When considering health problems worldwide, migraine headaches may not account for huge death tolls, but their impact is nevertheless very severe. In 2004, the World Health Organization (WHO) who reported on the effects and causes of migraines, described migraines and other headache disorders as a global public health calamity.
Contrary to many people’s views, migraine headaches are actually more than just unpleasant, they can be physically debilitating. The WHO also recognised in this report that migraine headache was in the top 20 conditions that were considered significantly likely to cause loss of healthy life to disability.
With recent advances in genetic medicine, there is renewed genetic research activity into the causes and effects of migraine headaches.
Historically, doctors have known that a child who’s parents both suffer from migraine is much more likely to suffer themselves.
In fact, a recent study undertaken in Denmark using sets of twins indicated that common migraine ie migraine without aura is over sixty percent genetic. It was also discovered in the same study that the causes of migraines are a multi-genomic condition, meaning that several different genes or their combinations are required for it to be inherited.
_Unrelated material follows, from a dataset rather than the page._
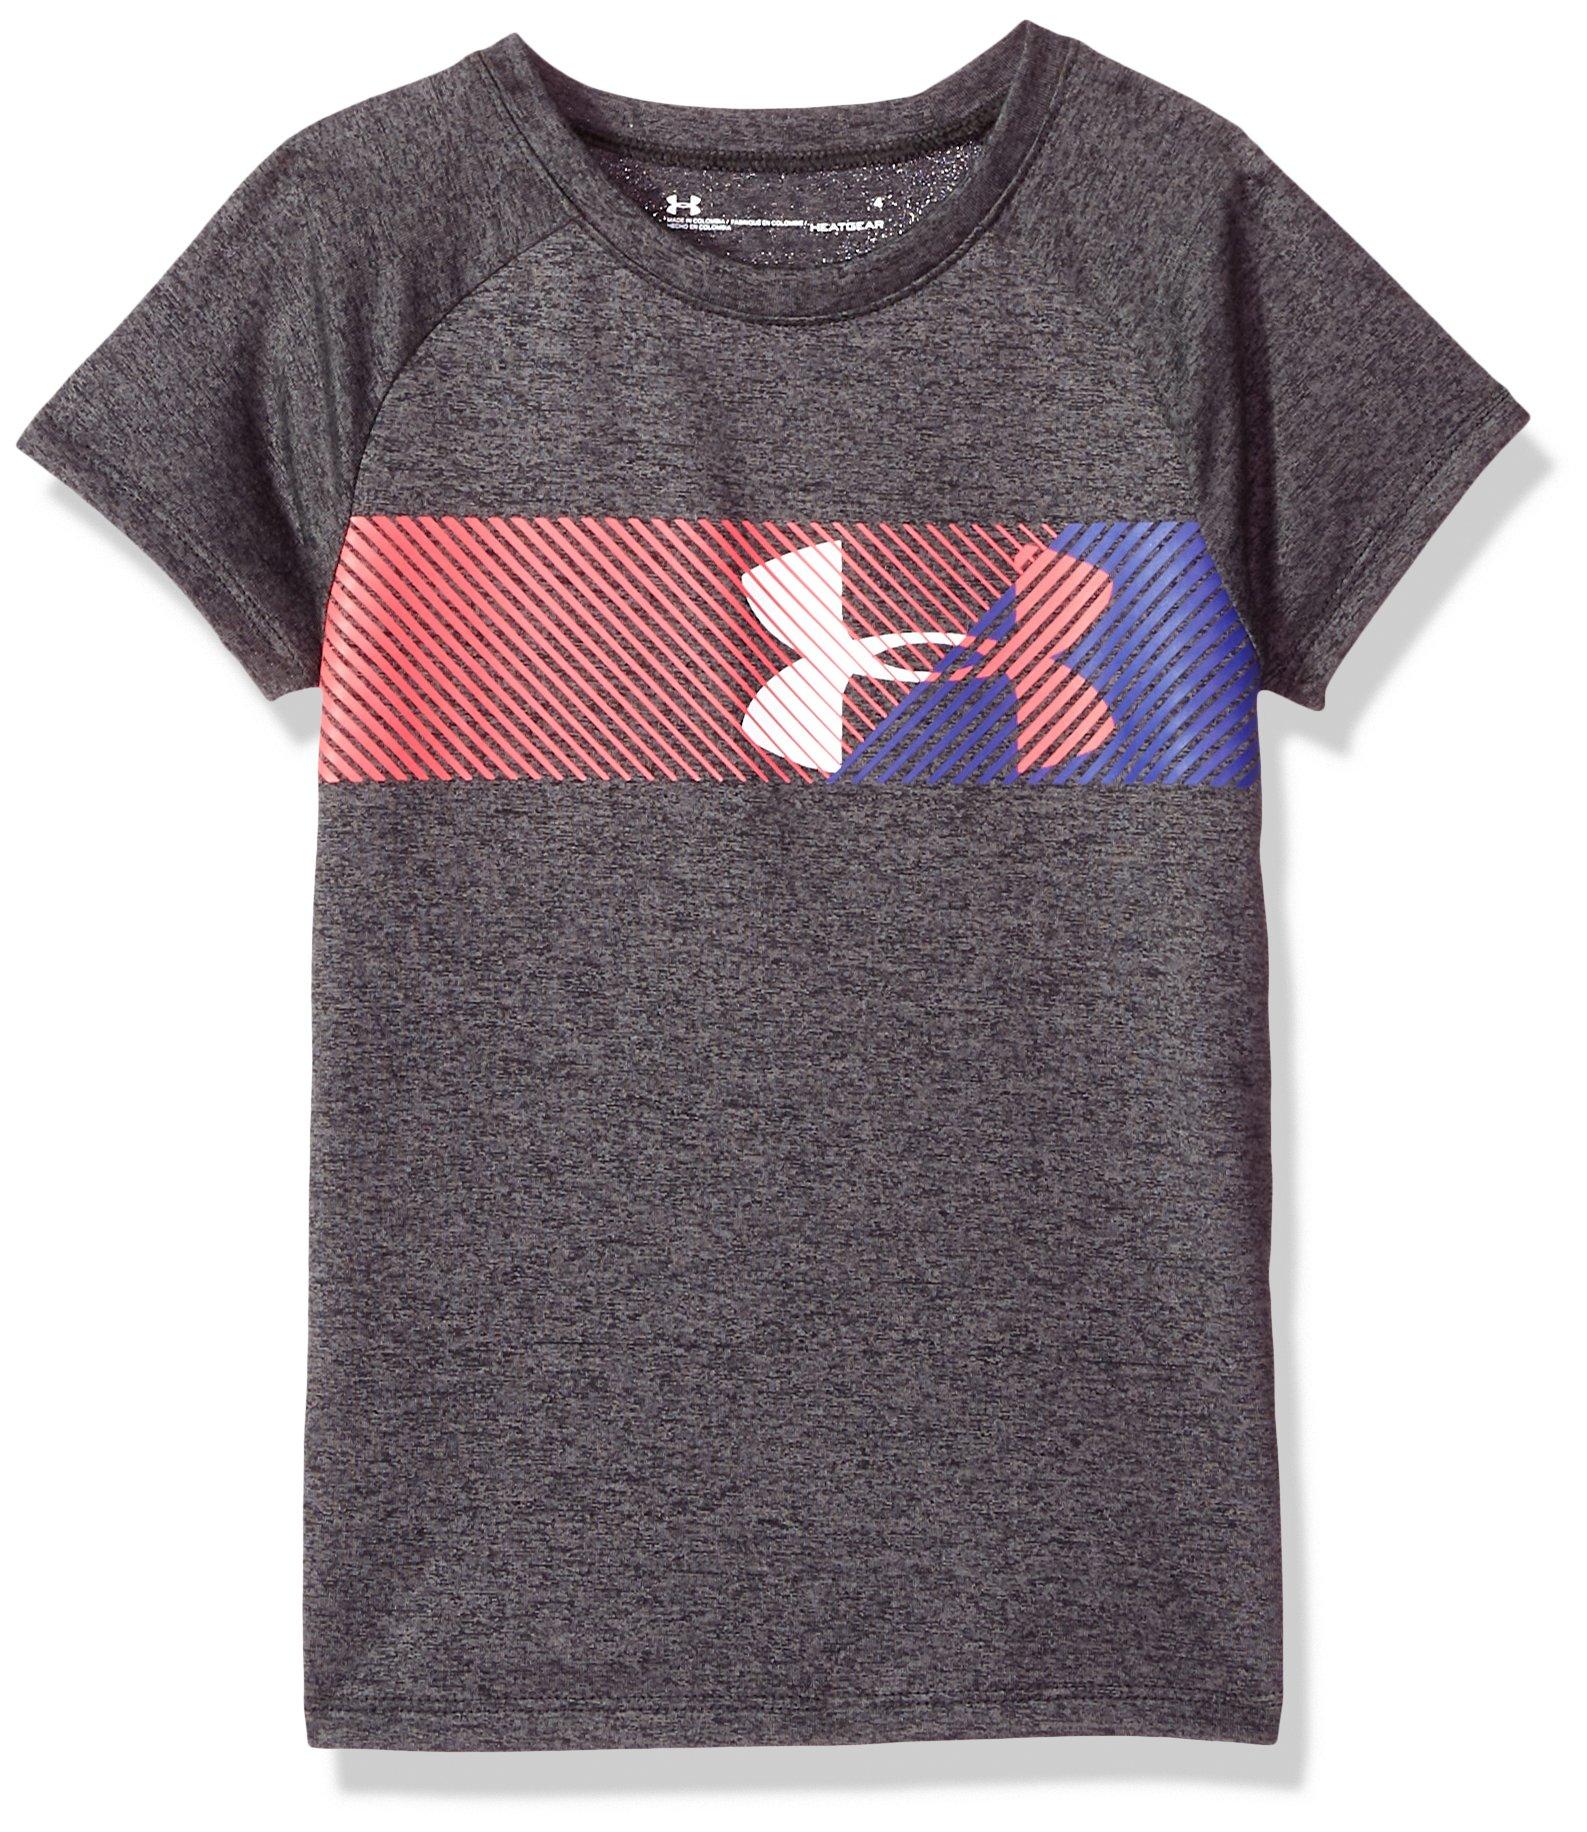 Under Armour Girls' Big Logo T-Shirt, Pitch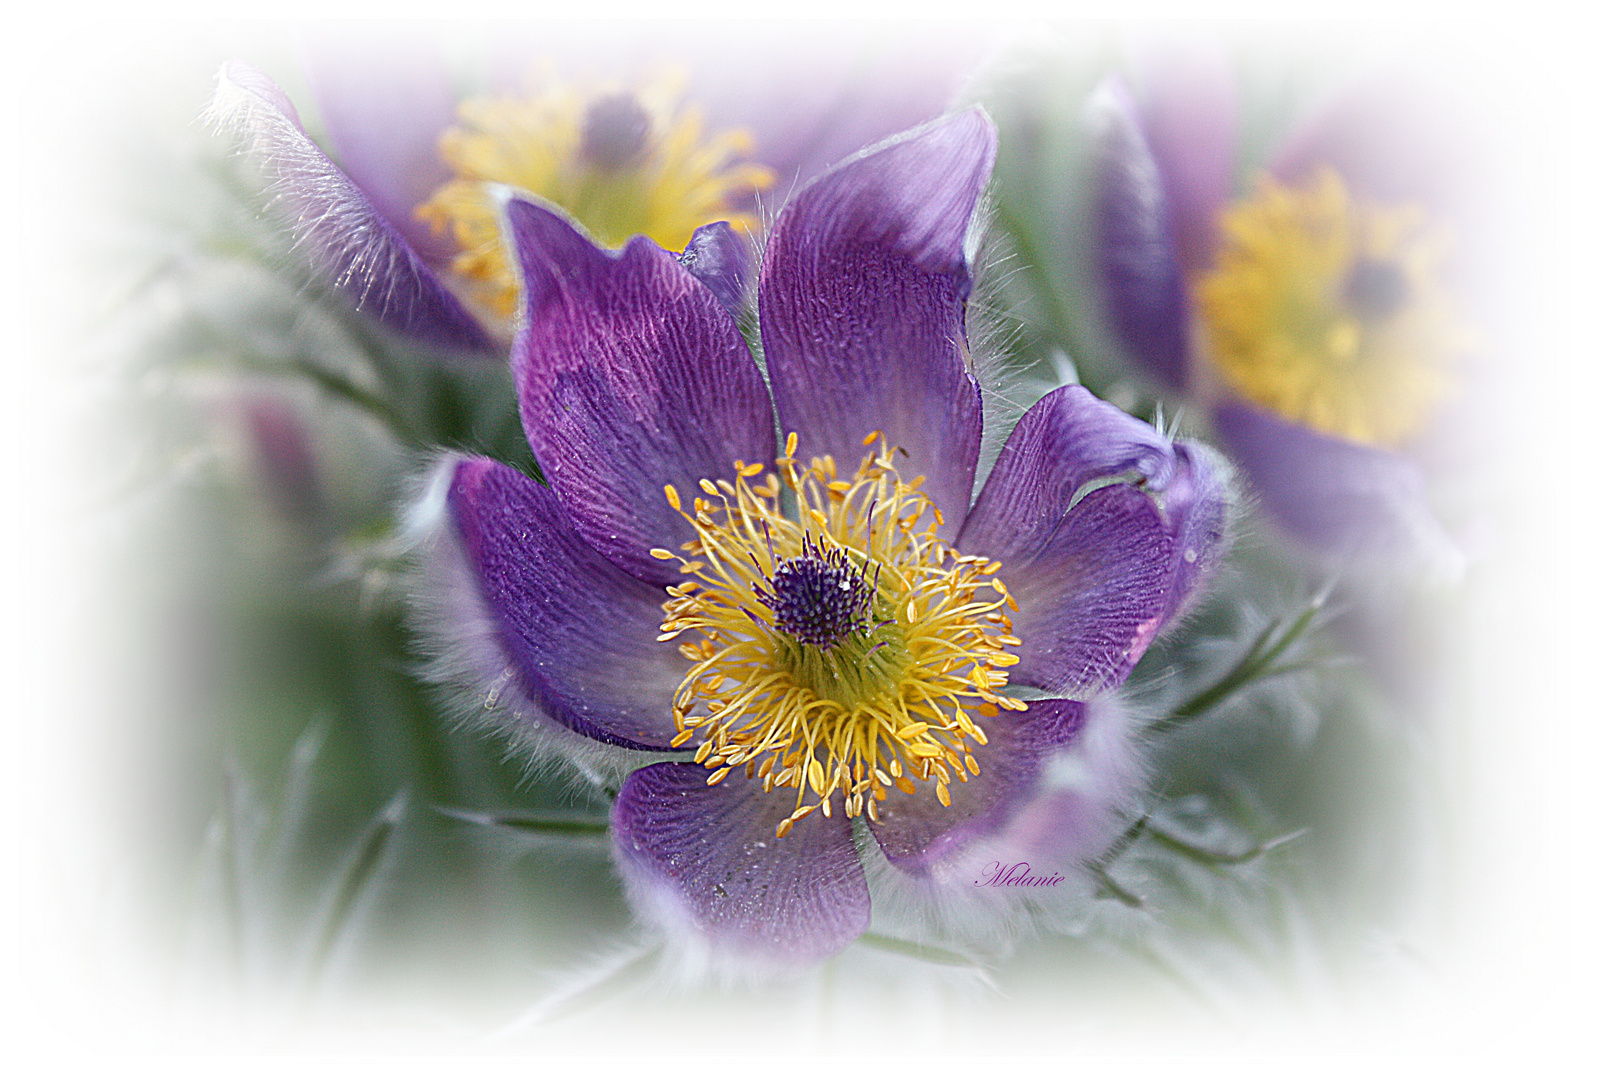 Lila Laune Blume

A recent Dutch study confirmed that familial hemiplegic migraine follows a simple inheritance pattern in nearly seventy five percent of cases. Bizarrely, the common migraine, despite its name was found to be much more complex in make up and susceptibility.
The Genomics Research Centre at Griffith University in Australia, has reported great progress in locating genetic loci for migraines. There have also been several multi-generational studies taken where families have been tested through a number of generations. These studies have helped researchers to identify genetic regions which are likely to increase migraine susceptibility. There is hope among researchers that eventually a genetic treatment will be found for migraines. That will be a life altering breakthrough for the millions of chronic migraine sufferers worldwide.